Business Beat: Craig Allen

It is extremely rare for a company to begin with a business plan that remains consistent throughout the development of the company, all the way to exit. Most often, companies must make at least one strategic pivot, and many require multiple pivots before the true vision for the company can be realized through a successful exit.

It is at the point at which a pivot is necessary when companies can stumble, and sometimes fail.

So, what is a pivot anyway?

A pivot is simply a significant change in corporate strategy that can involve a change in product offering, customer focus, geographic focus, pricing model, etc. It is a major change in corporate direction that is usually necessary due to the failure of the current corporate strategy.

Startups begin life with a specific purpose in mind — selling a particular product or service to a particular target customer group, in a specific target market. Often, over some period of time, the founders discover that this strategy is not working. Those who are unable to find a path forward through a effective pivot usually fail, and the company dies.
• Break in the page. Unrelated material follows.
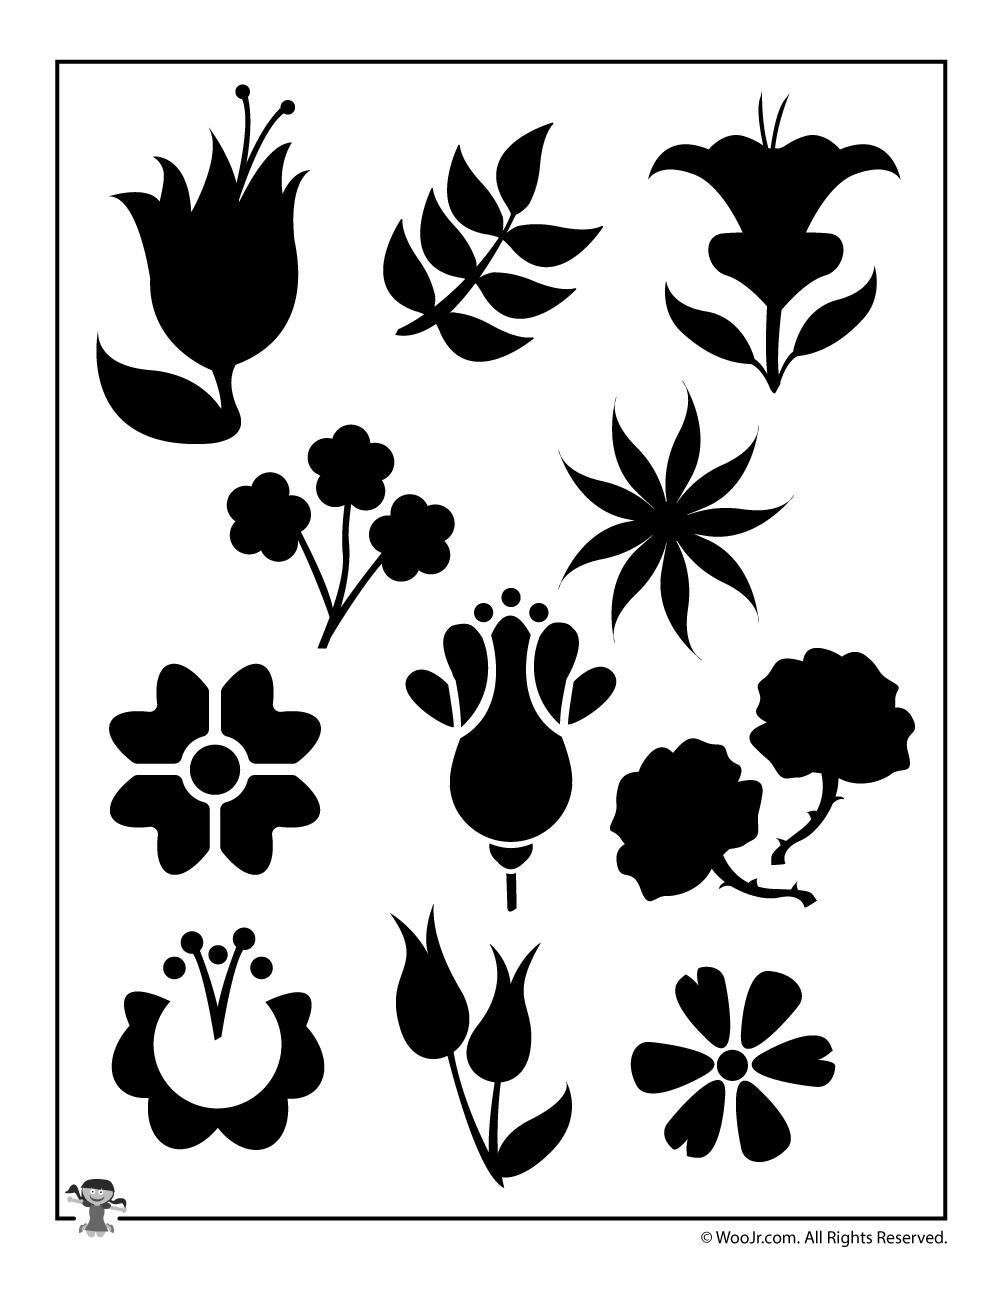 photo regarding Printable Flower Stencil referred to as Printable Flower Stencil Template Established Woo! Jr. Little ones Actions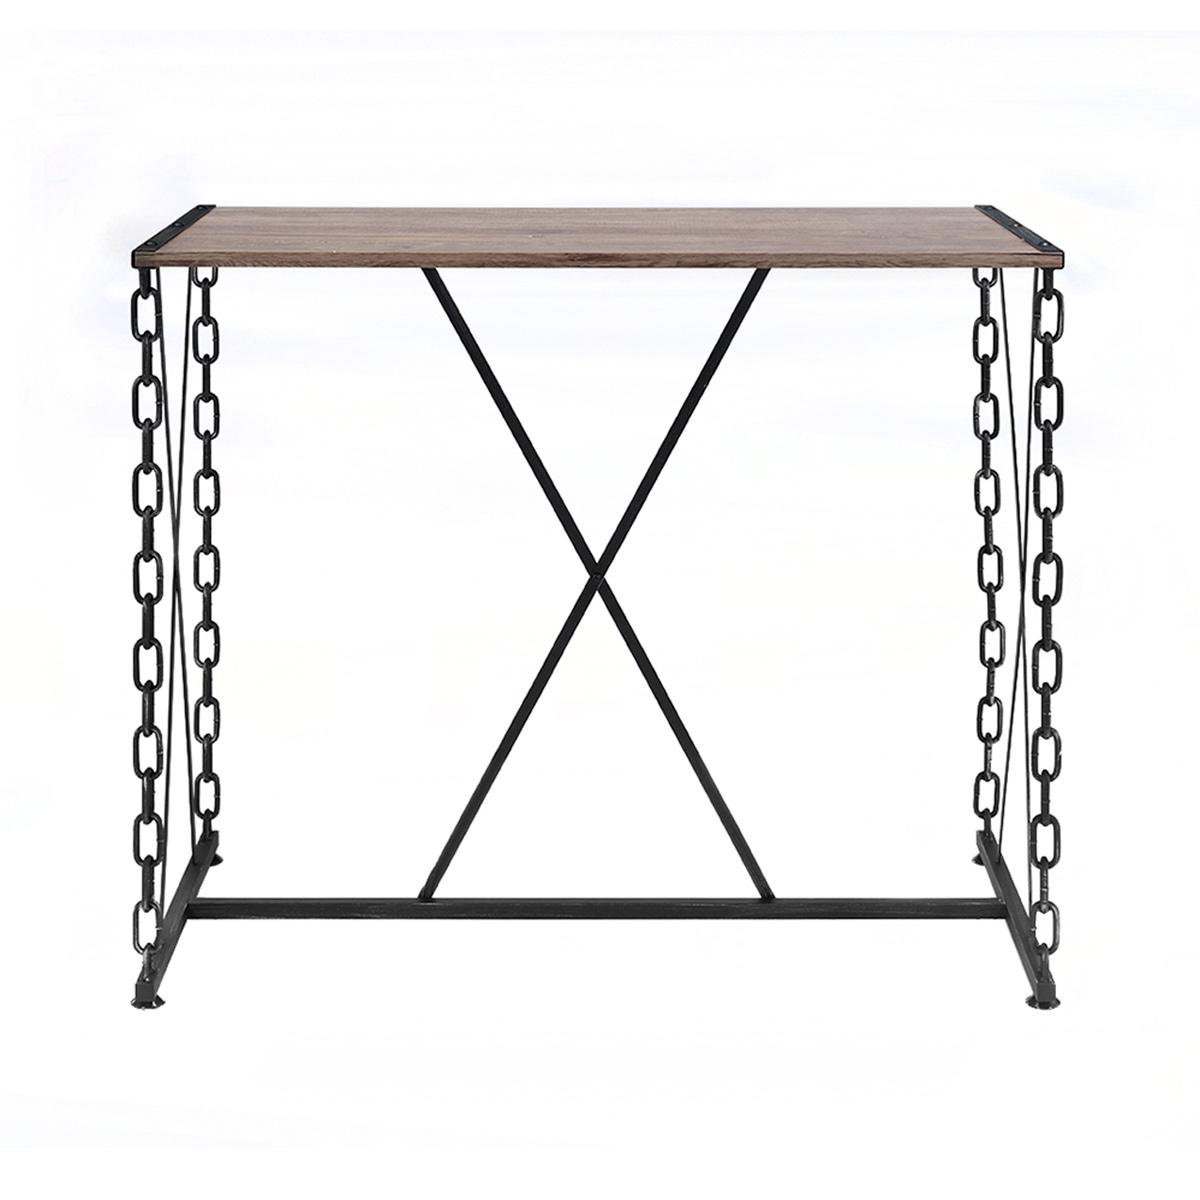 Acme Jobar Table

Here are a few examples of large, successful companies that underwent successful pivots:

Wrigley

When William Wrigley Jr. started out in business in the 1890s, he was a traveling salesman selling soap and baking powder. With each sale, he offered free chewing gum. When the gum became more popular with his customers than the products he was selling, he reoriented Wrigley’s to sell gum and went on to give the world Juicy Fruit, Spearmint and Doublemint gum, along with Life Savers and many other products. The company currently sells its products in more than 180 countries and districts, maintains operations in more than 50 countries, and has 21 production facilities in 14 countries.

Twitter

Twitter was originally called Odeo, a podcast subscription network. When iTunes made Odeo obsolete, the company solicited suggestions from its employees for two weeks. Jack Dorsey and Biz Stone came up with the idea of a micro-blogging, status-updating platform that we now know as Twitter. Today, Twitter has more than 300 million users and is worth in excess of $24 billion.

Starbucks

In 1971, Starbucks, which had been just a single-location neighborhood coffee shop, began selling coffee beans and espresso makers. The current CEO and president, Howard Schultz, loved the coffee, and he transformed the company so everyone could easily taste European-style coffee. If Starbucks had never pivoted and begun selling coffee beans, there would be no Starbucks on virtually every corner as we see today. Starbucks is work almost $80 billion today and has more than 28,000 locations.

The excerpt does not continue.